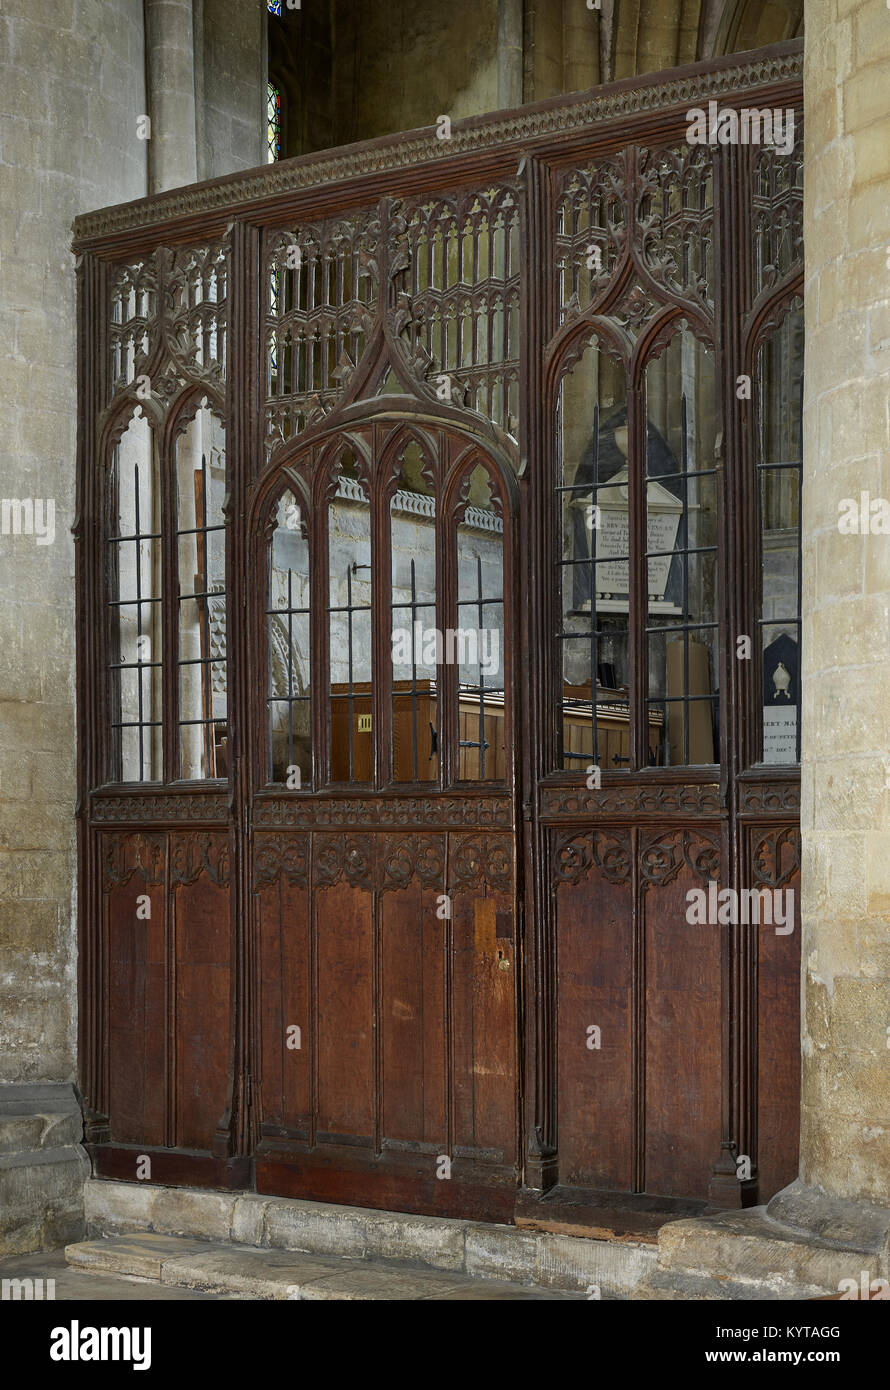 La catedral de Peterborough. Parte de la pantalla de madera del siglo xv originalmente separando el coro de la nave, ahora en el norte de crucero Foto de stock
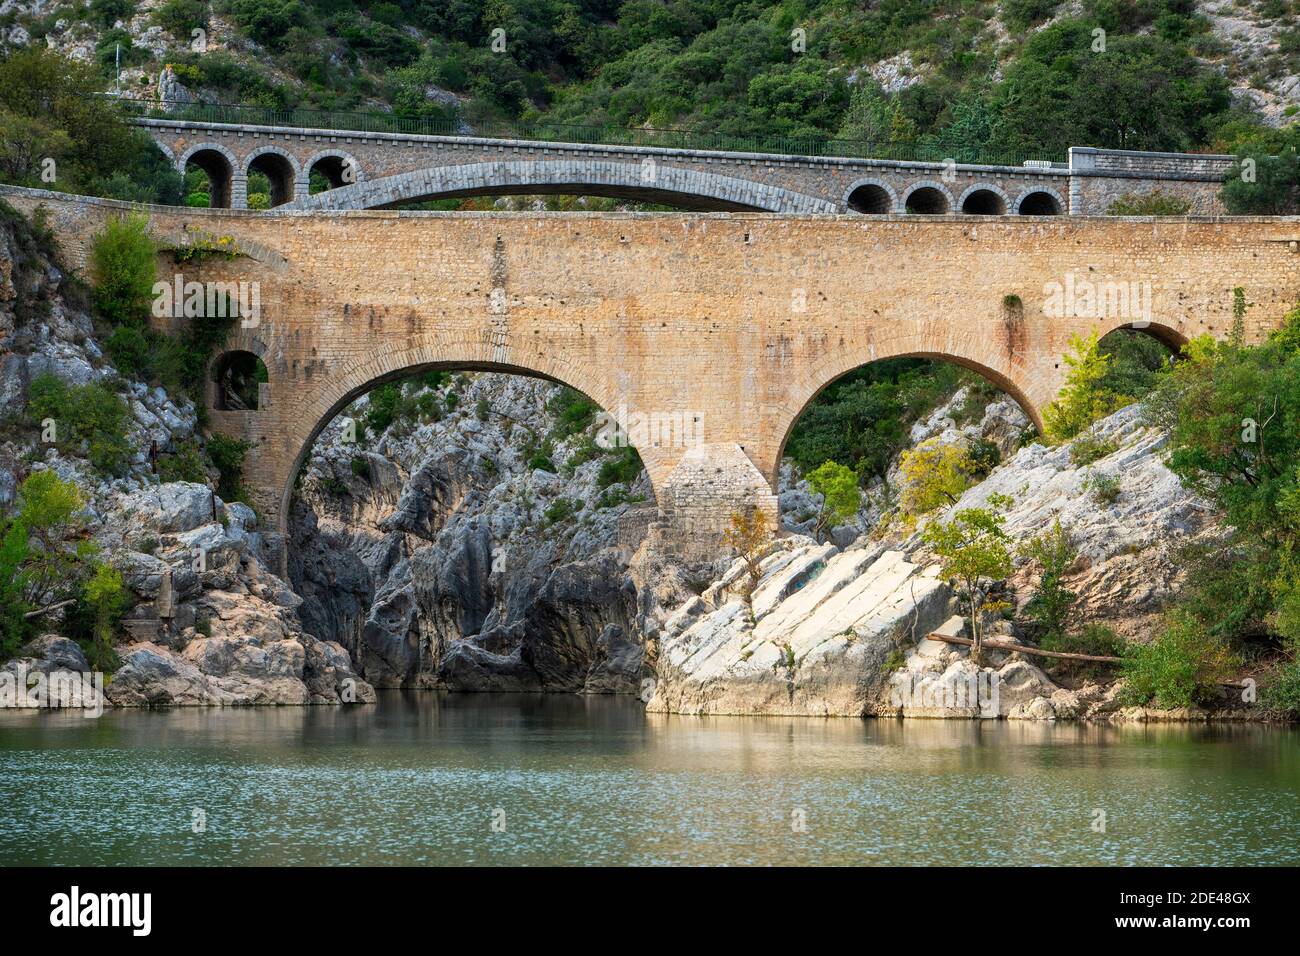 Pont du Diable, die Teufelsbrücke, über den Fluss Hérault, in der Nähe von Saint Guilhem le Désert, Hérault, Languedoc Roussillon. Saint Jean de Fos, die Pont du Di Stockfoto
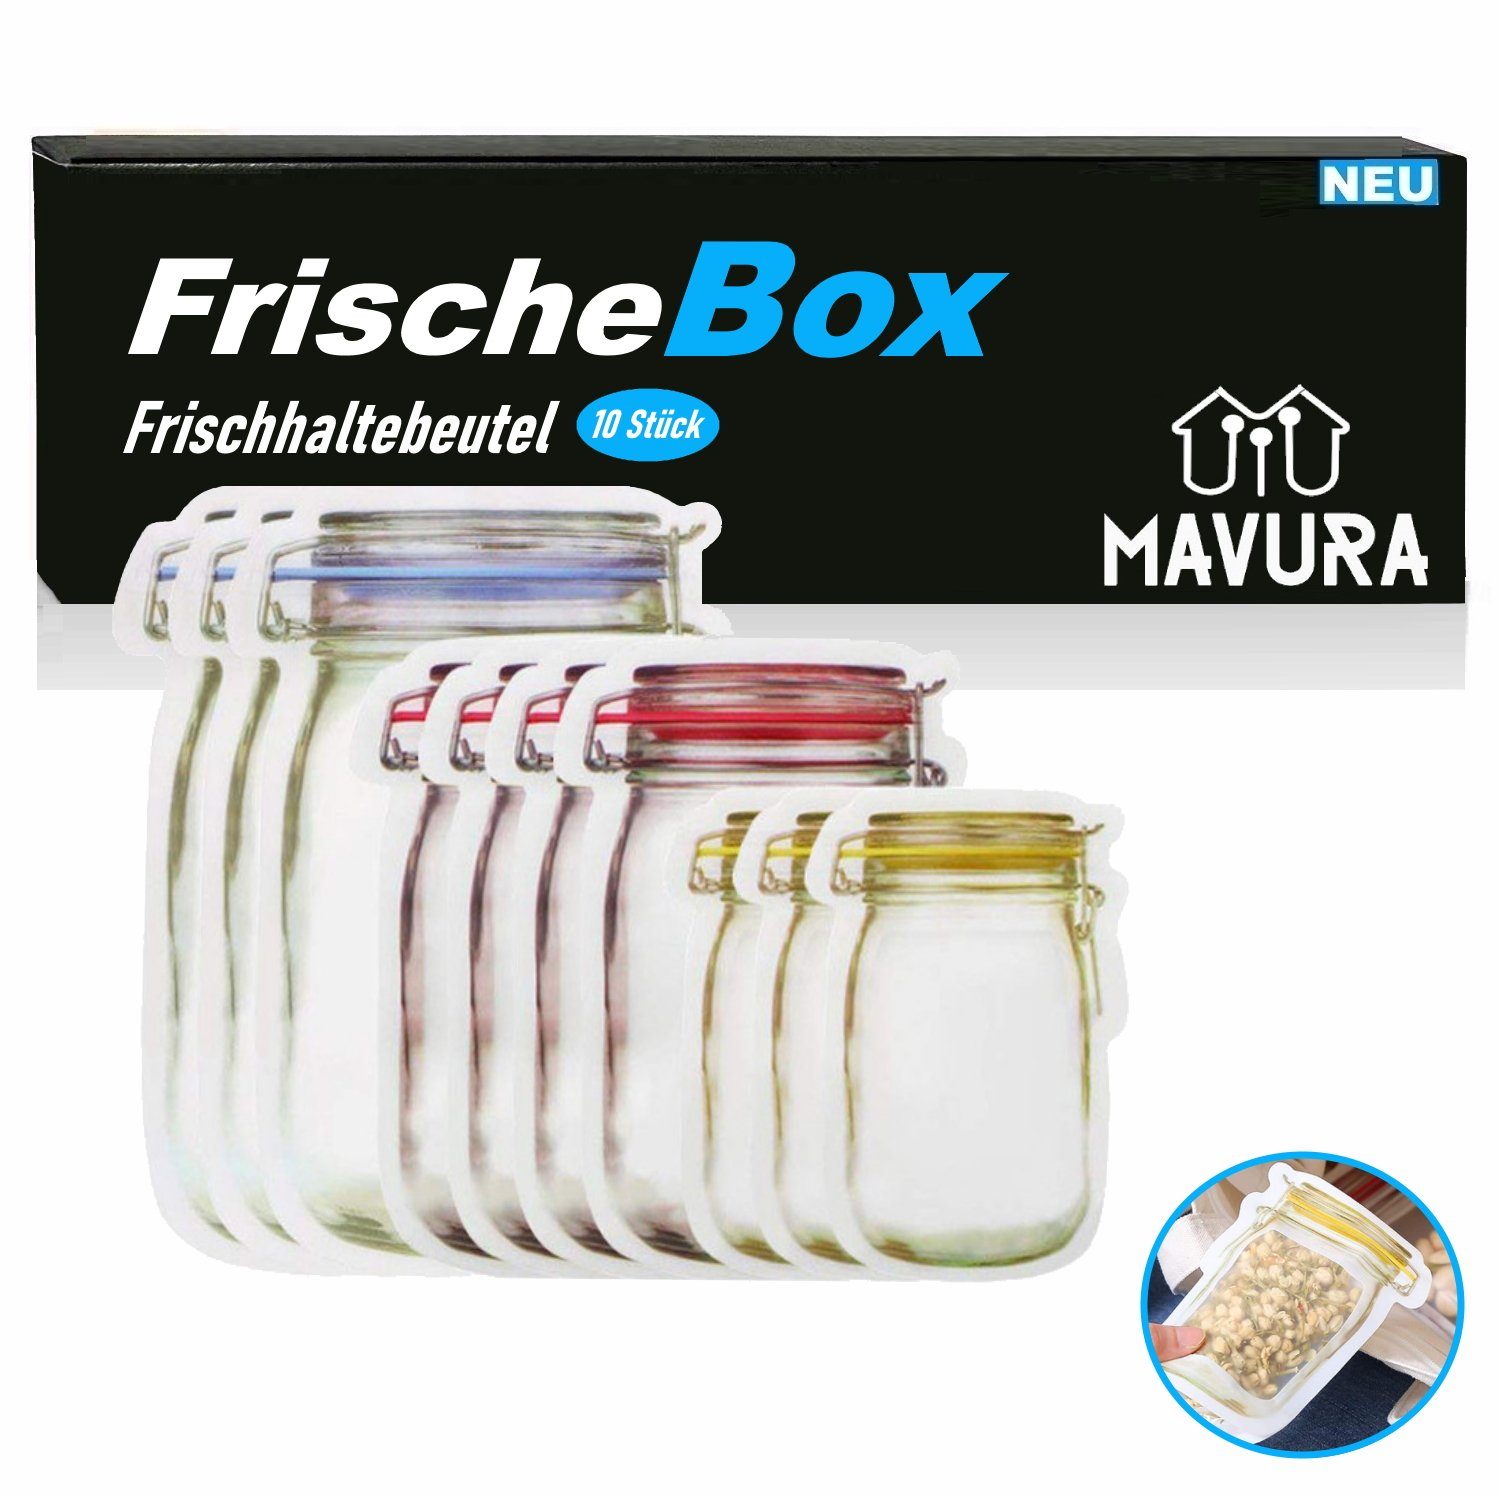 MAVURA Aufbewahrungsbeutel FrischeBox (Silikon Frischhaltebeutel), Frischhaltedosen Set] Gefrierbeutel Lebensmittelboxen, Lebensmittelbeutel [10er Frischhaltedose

══════════

## EXERCISE
Please set down each line of the data above exactly as written, without the pictures.

## SOLUTION FOR THIS PROBLEM
 La catedral de Peterborough. Parte de la pantalla de madera del siglo xv originalmente separando el coro de la nave, ahora en el norte de crucero Foto de stock
 Pont du Diable, die Teufelsbrücke, über den Fluss Hérault, in der Nähe von Saint Guilhem le Désert, Hérault, Languedoc Roussillon. Saint Jean de Fos, die Pont du Di Stockfoto
 MAVURA Aufbewahrungsbeutel FrischeBox (Silikon Frischhaltebeutel), Frischhaltedosen Set] Gefrierbeutel Lebensmittelboxen, Lebensmittelbeutel [10er Frischhaltedose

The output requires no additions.